DATA PROCESSING

First we need to clean the data - fix manual input errors, remove duplicates and make sure that users do not appear multiple times.

We want to separate the data to sessions logged before the test start and after the test start date.

Since we want to measure users' conversion and don't want to randomly select same users multiple times, we need to make the "user_id" column unique. To do that we have 2 methods:

  1. Calculate LTV for each user
  2. Focus on the first exposure of each user

We also need to create a new column "converted" with binary variables where "1" means conversion if total amount spent is greater than 0 and "0" otherwise.

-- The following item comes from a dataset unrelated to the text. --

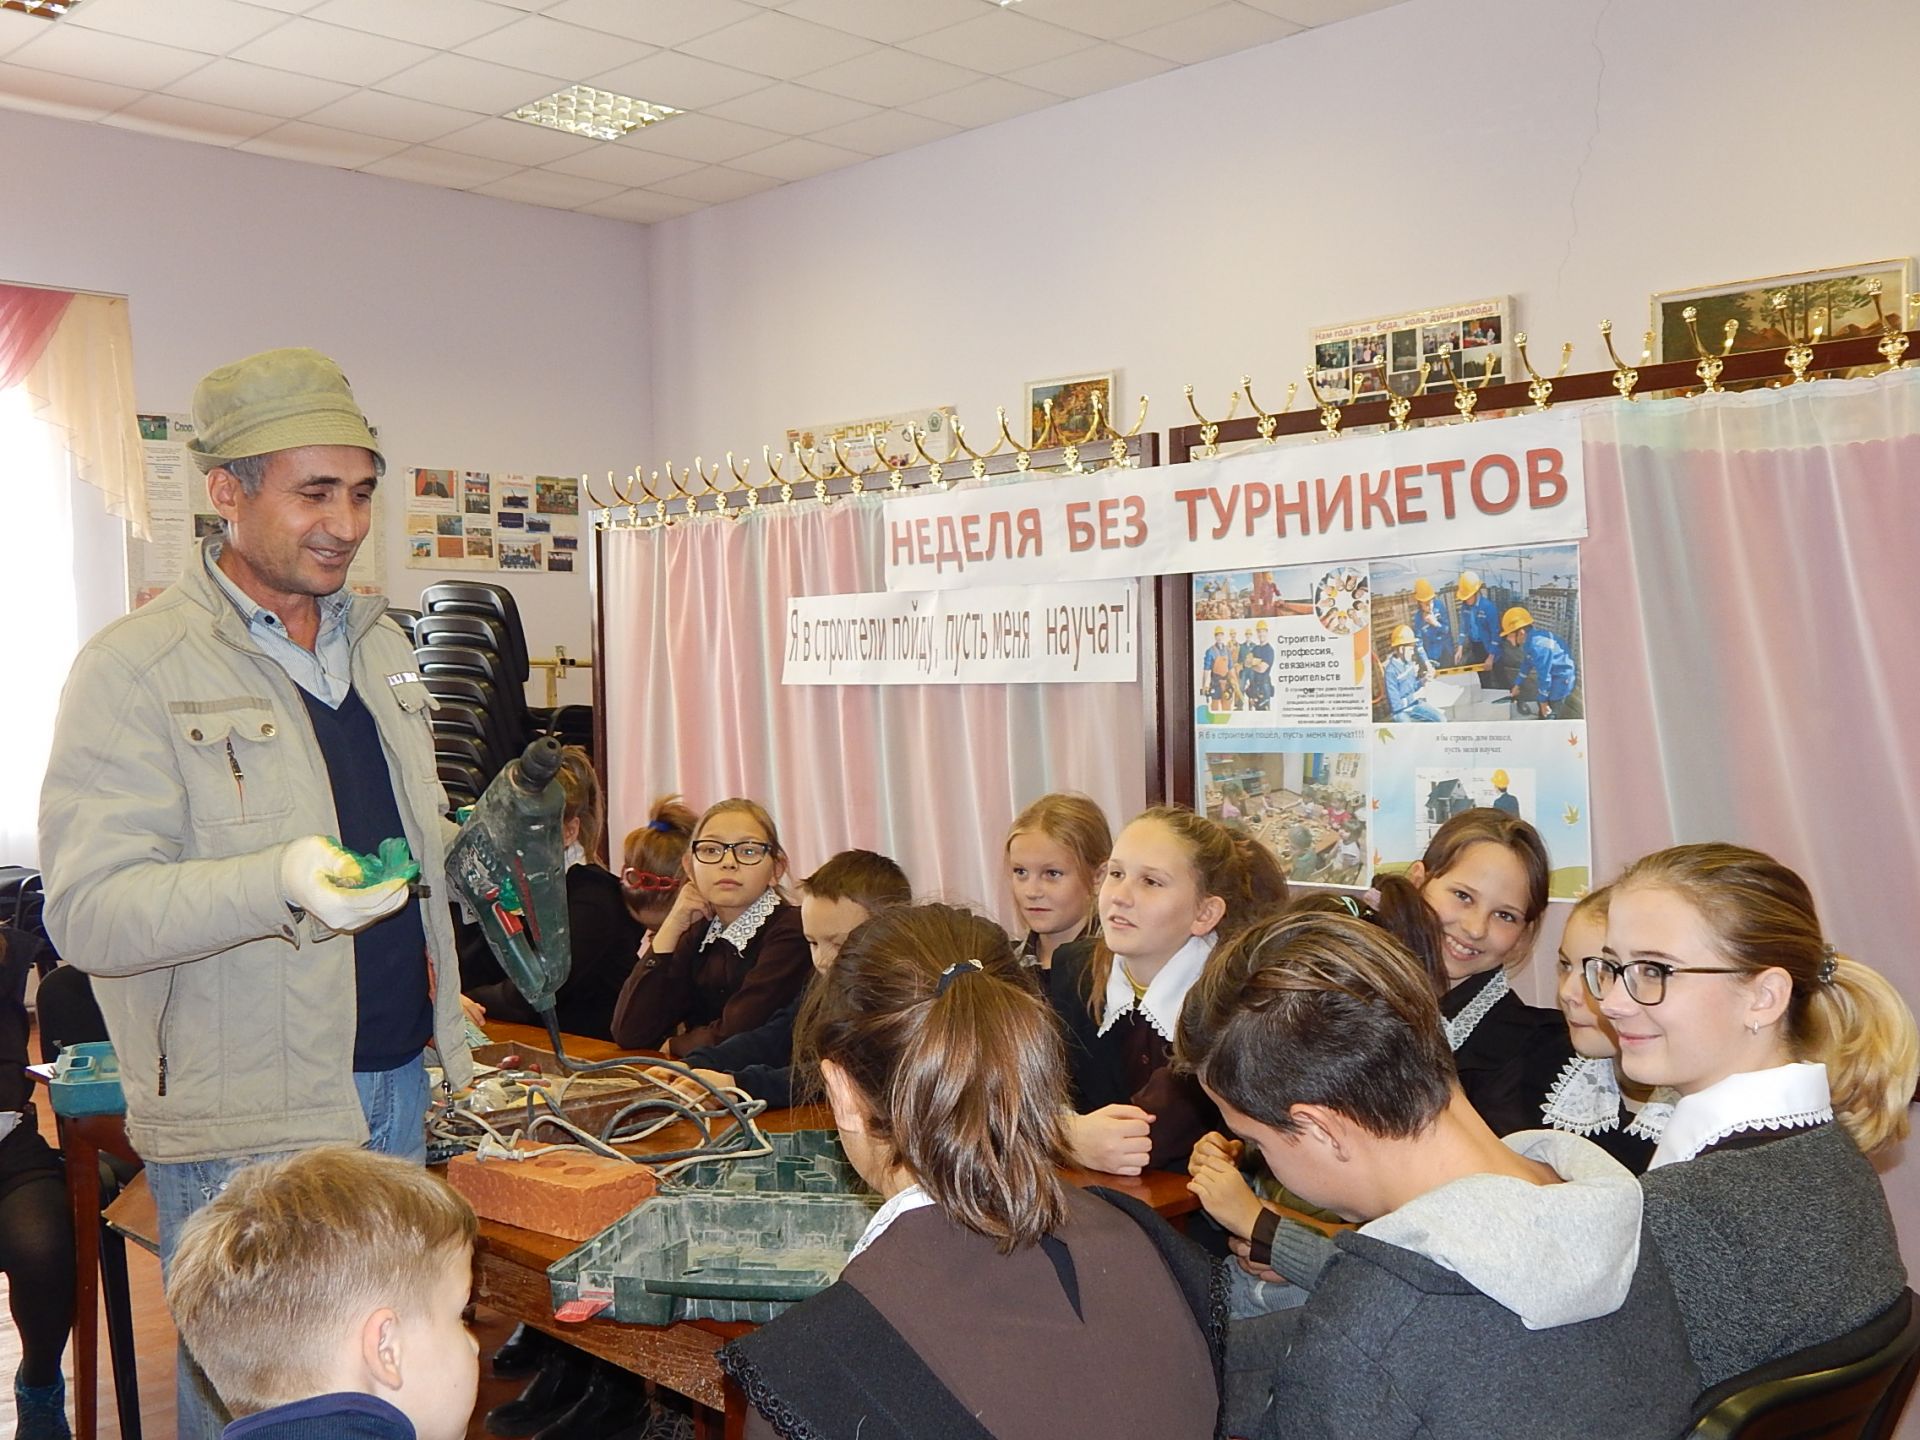 Молодежь Алексеевского района участвует в профориентационной акции "Неделя без турникета"

First method: calculate LTV for each user

A/B TEST

First, we need to decide on a sample size, which depends on a few factors:

Power of the test (1 — β) — This represents the probability of finding a statistical difference between the groups in our test when a difference is actually present. This is usually set at 0.8 by convention.

Alpha value (α) — The critical value of 0.05

Minimum Detectable Effect — The difference we expect to see between the conversion rates. We assume it's 2%.

In the table above, it does look like our two designs performed very similarly. The old design performed slightly better, 6.4% vs. 6.3% conversion rate.

Since we have a large sample, we can use the normal approximation for calculating the p-value with a z-test. The p-value=0.725 is much higher than α=0.05 threshold, meaning that the new design did not perform significantly different than the old one.

As we saw, there's no significant difference in conversion rates between the 2 groups. However, each user in the treatment group spends on average ~38% more than users in the control group, while playing a similar number of matches.

Second method: First exposure of each user

A/B TEST

First, we need to decide on a sample size, which depends on a few factors:

Power of the test (1 — β) — This represents the probability of finding a statistical difference between the groups in our test when a difference is actually present. This is usually set at 0.8 by convention.

Alpha value (α) — The critical value of 0.05

Minimum Detectable Effect — The difference we expect to see between the conversion rates. We assume it's 2%.

In the table above, it does look like both of the designs performed very similarly. The new design performed slightly better, 2.5% vs. 2.2% conversion rate.

Since we have a large sample, we can use the normal approximation for calculating the p-value with a z-test. The p-value=0.615 is much higher than α=0.05 threshold, meaning that the new design did not perform significantly different than the old one, which corresponds to the results we got using the first method.

As we saw, there's no significant difference in conversion rates between the 2 groups. Furthermore, there's no much difference in matches played and average amount spent per user as opposed to the previous method. However, the treatment group earns and spends more hard currency than the control group, possibly because of the cherries offered as a reward on the first day in the new design.